Subject: Re: On why debugging OpenSSH can be so hard
Date: Mon, 7 Jul 2008 14:54:13 -0700
On Jul 7, 2008, at 2:18 PM, Maurice Volaski wrote:

Salut, Maurice Volaski,

On Mon, 7 Jul 2008 11:53:17 -0400, Maurice Volaski wrote:
Again, I think you're confusing security with a lazy programming
practice. We're talking open source here. The perfect oracle is
already there, just not in plain English.

I'm not talking about exposing information about the source code, which
is good, but disclosing information about the key material, which is
not nearly as desirable. Please keep that in mind when you re-read my
prior mails as you don't seem to have understood it.

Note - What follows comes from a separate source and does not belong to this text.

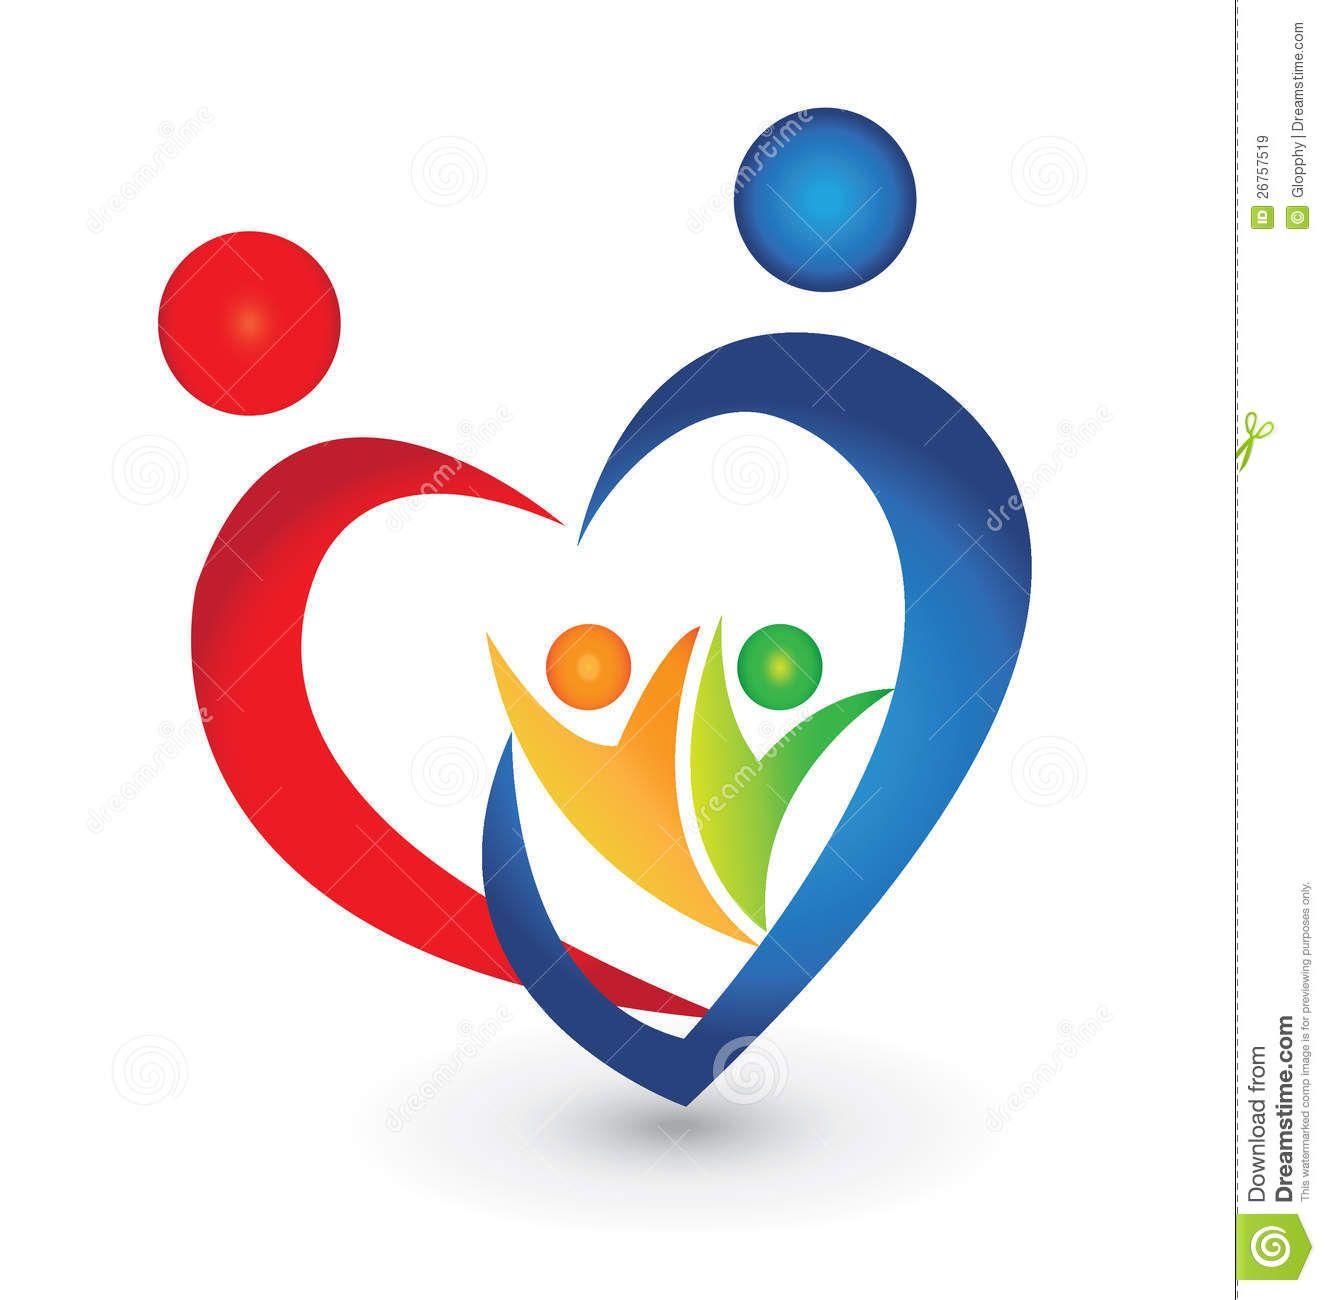 Family Union In A Heart Shape Logo Royalty Free Stock

Who said the key needs to be exposed to the client's debug log or even the server's? Are you trying to say that fixing this real example of lazy programming, https://bugzilla.mindrot.org/show_bug.cgi?id=1388 , is somehow going to expose the key?

No. He's saying that it leaks information that doesn't need to be leaked.


For comparison, long long ago, there used to be different error messages when authentication failed. It would helpfully tell you that your password was wrong, or that you'd supplied the wrong username. Great for debugging, right? Well yeah ... and it was great for enumerating the users on the box, making further attacks much simpler.

The bottom line is, don't expose data, even if it's something as innocuous as "the key file doesn't exist," unless you have to.

Maybe you don't think it's a big deal, and maybe today it's not. How would you feel if tomorrow a vulnerability was discovered that affected openssh servers when the user's key wasn't found? You still want to tell the world which of your users have misplaced key files?

Please. Accept that this is a point that's been debated to death many times and people who really understand security much better than either you or I have weighed all the pros and cons.